Ontology
概念: 個人理解就是生物信息學(xué)界對生物上的一些重要信息名眉,如序列和基因信息 制定一個通用的標(biāo)準(zhǔn)化協(xié)議,對一些概念污尉、信息進行精準(zhǔn)的定義关面。而非復(fù)雜模棱兩可的解釋。
在文章 The Sequence Ontology: a tool for the unification of genome annotations十厢,作者這樣強調(diào)一致性consistency的重要性:
Unfortunately, biological terminology is notoriously ambiguous; the same word is often used to describe more than one thing and there are many dialects. For example, does a coding sequence (CDS) contain the stop codon or is the stop codon part of the 3'-untranslated region (3' UTR)?

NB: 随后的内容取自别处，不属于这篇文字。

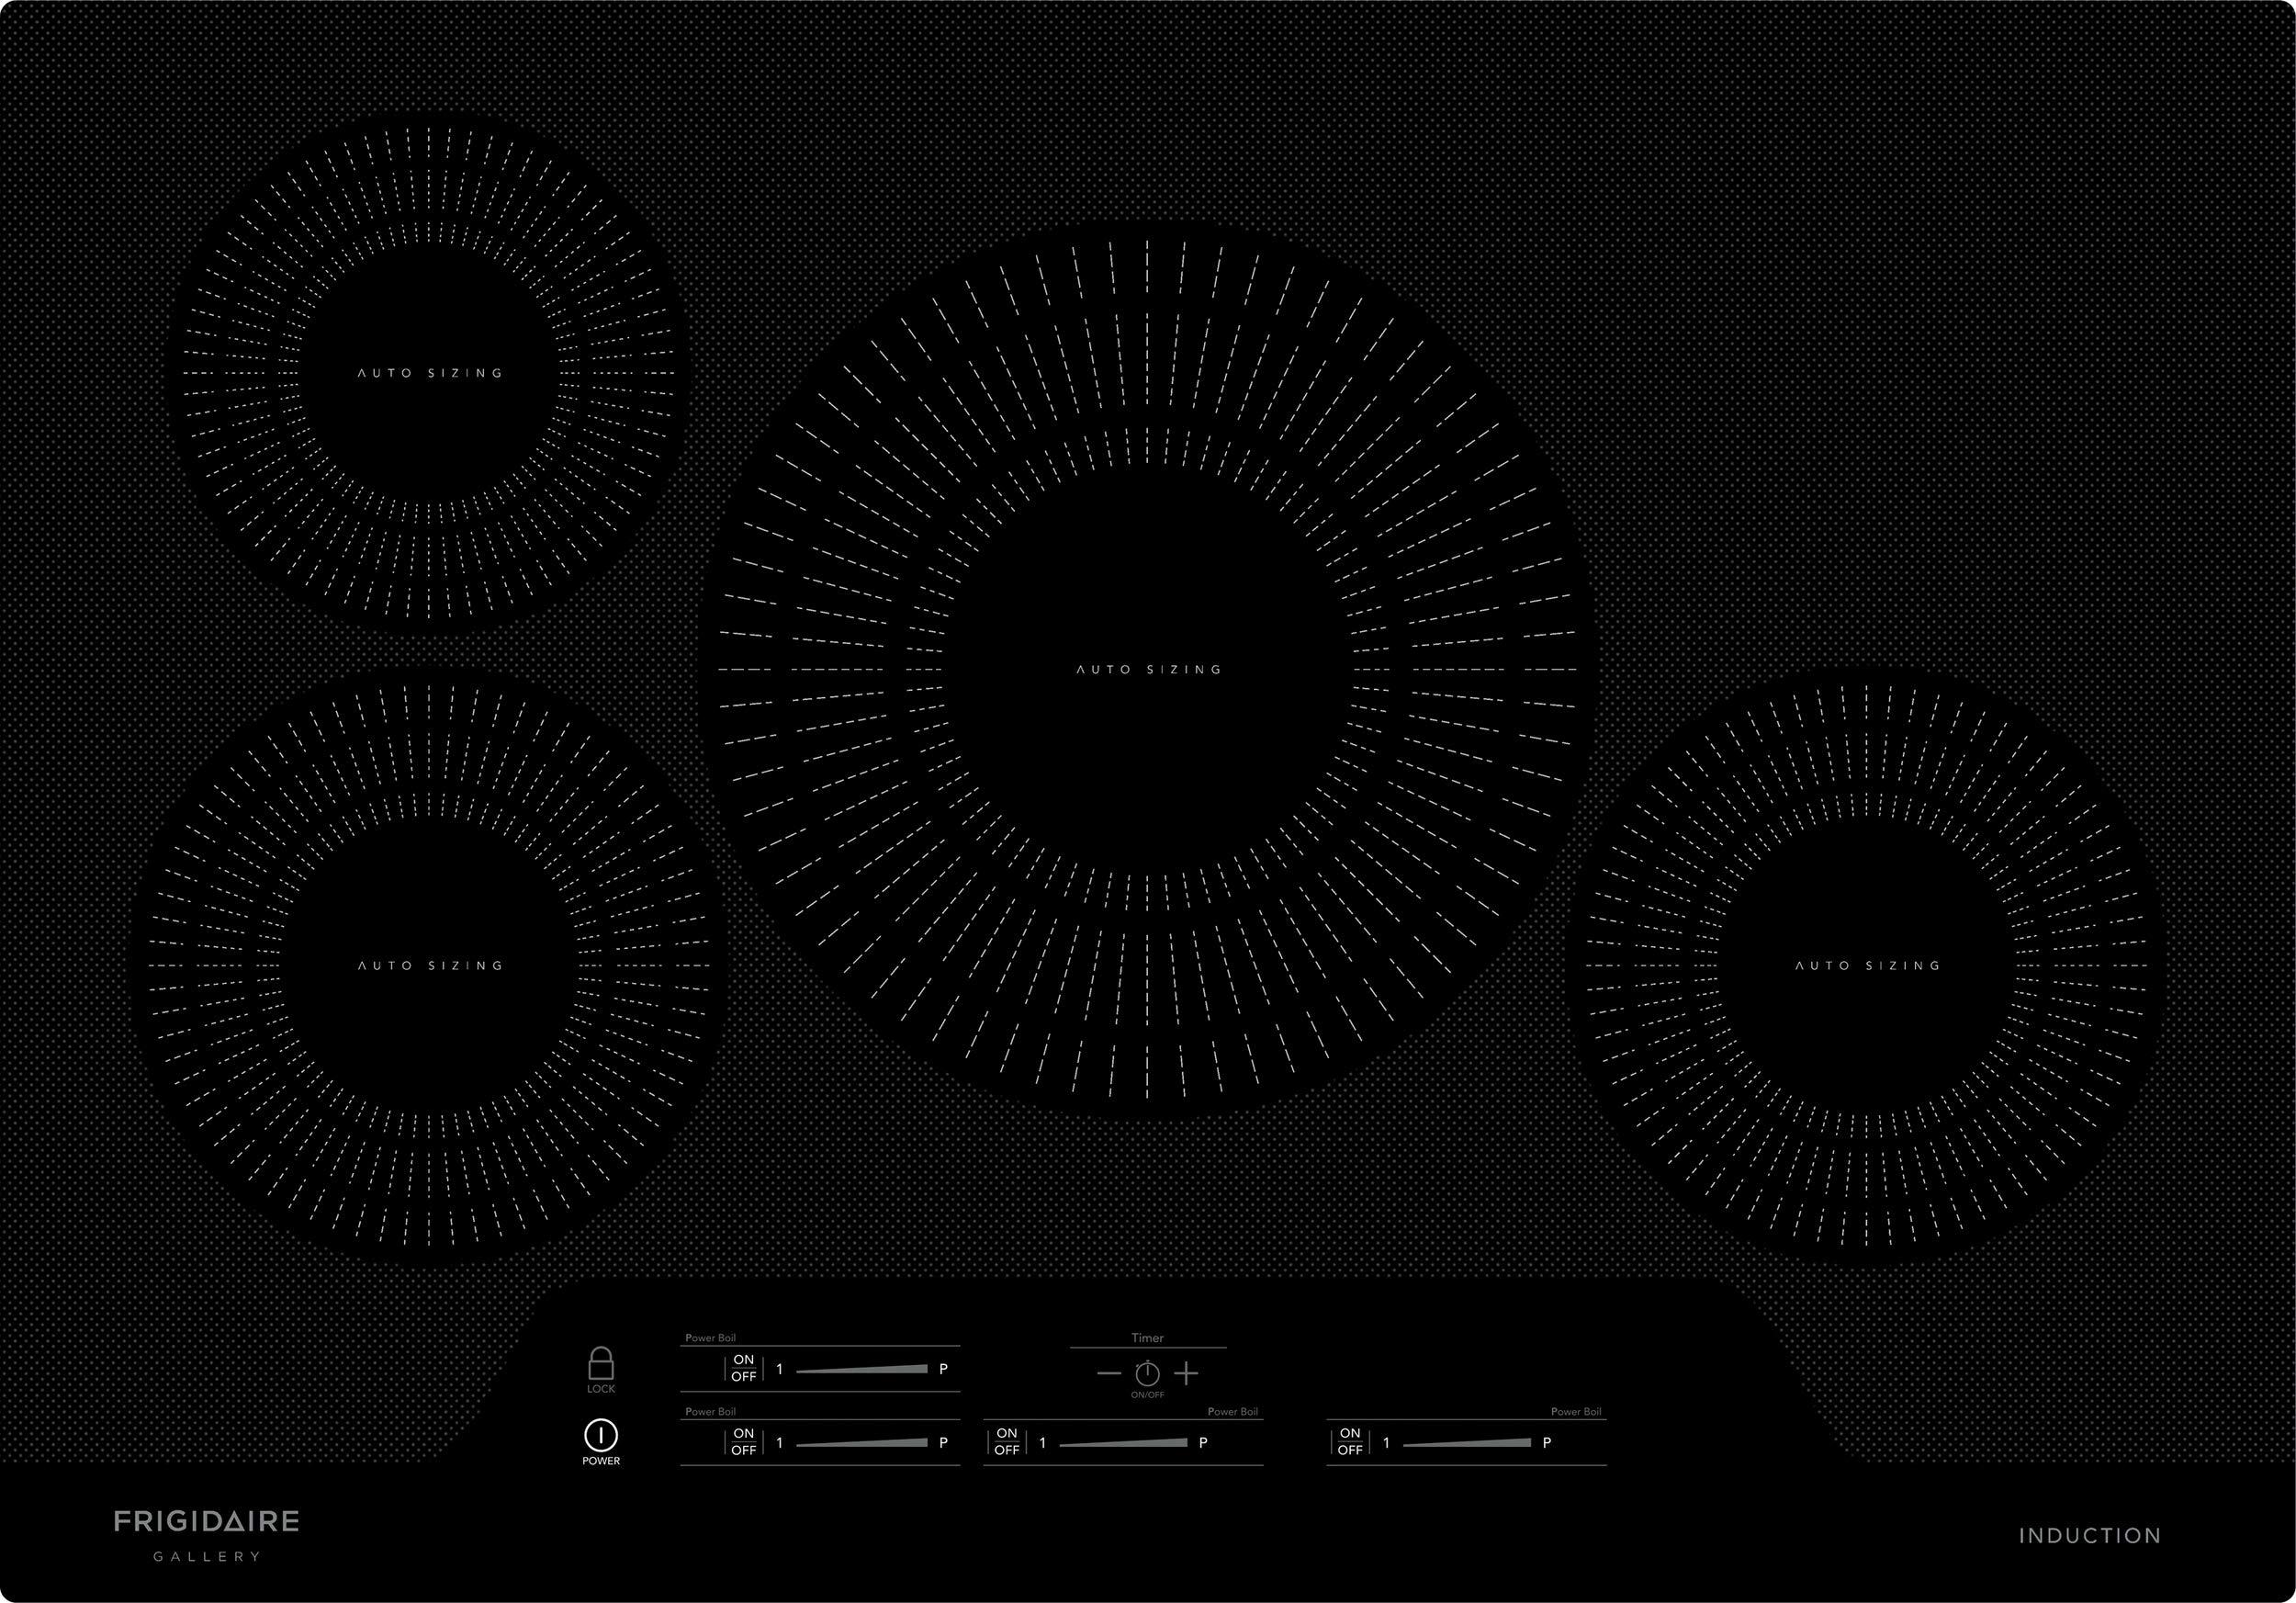 "Frigidaire FGIC3066TB Gallery 30"" Electric Induction Cooktop, Built-in 4-Burner, Vitroceramic Glass, Black"
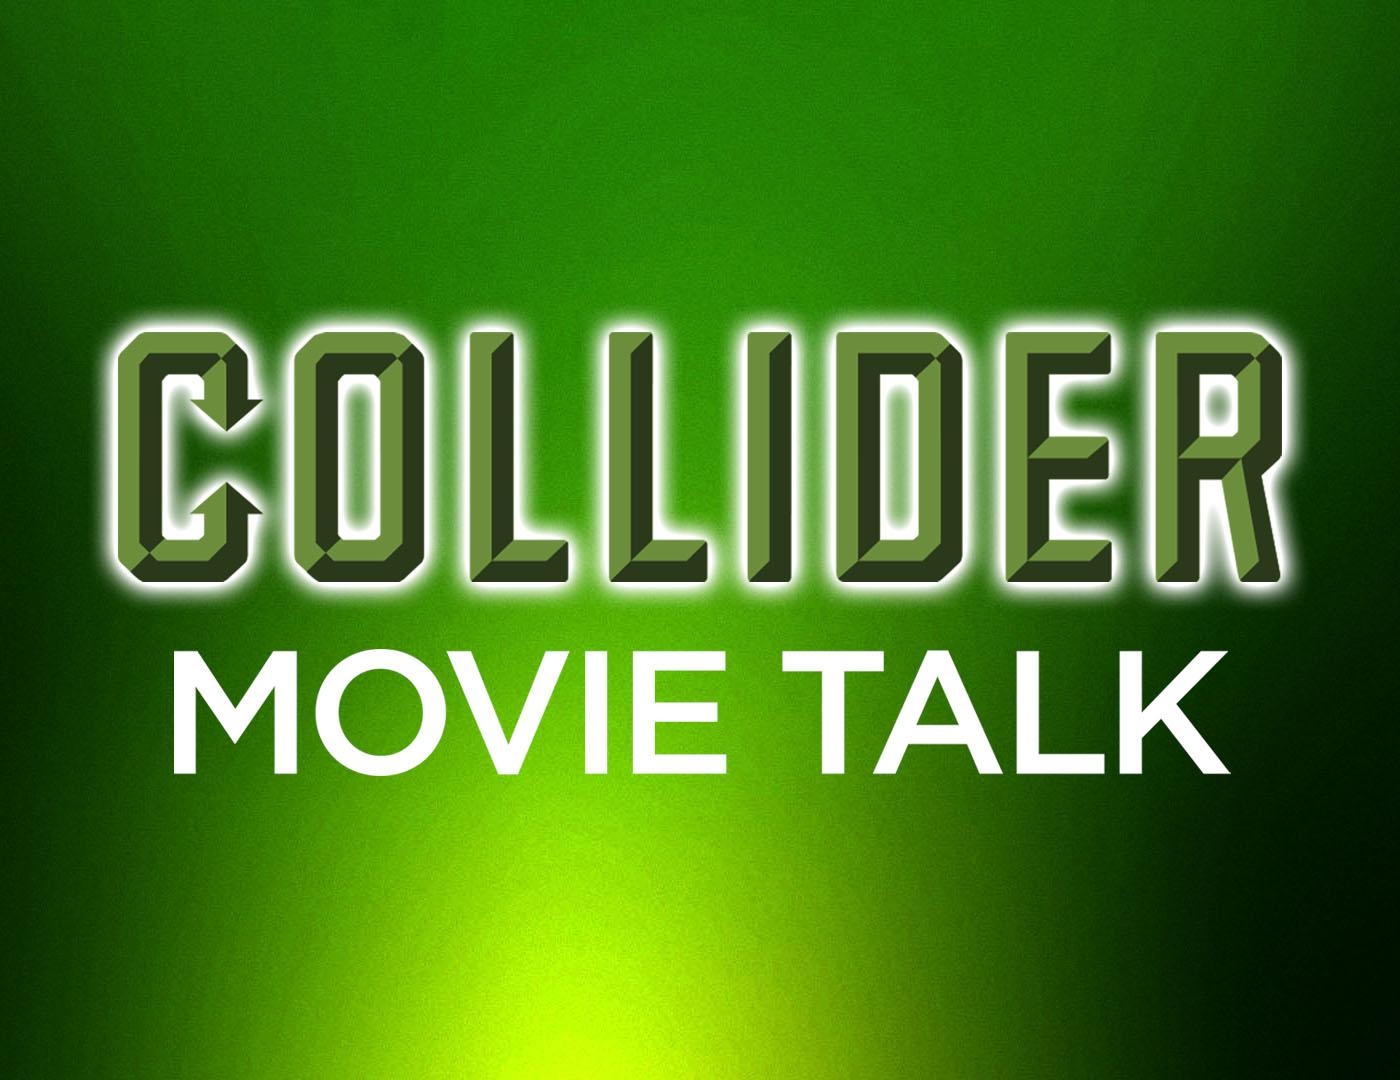 Godzilla and Pacific Rim Sequels Get New Titles - Collider Movie Talk

There really is no right or wrong answer to such questions, but consistency is crucial when attempting to compare annotations from different sources, or even when comparing annotations performed by the same group over an extended period of time.
- Ontology主要包括兩個部分
- what a piece of DNA is: annotations or classification:注釋等太,分類。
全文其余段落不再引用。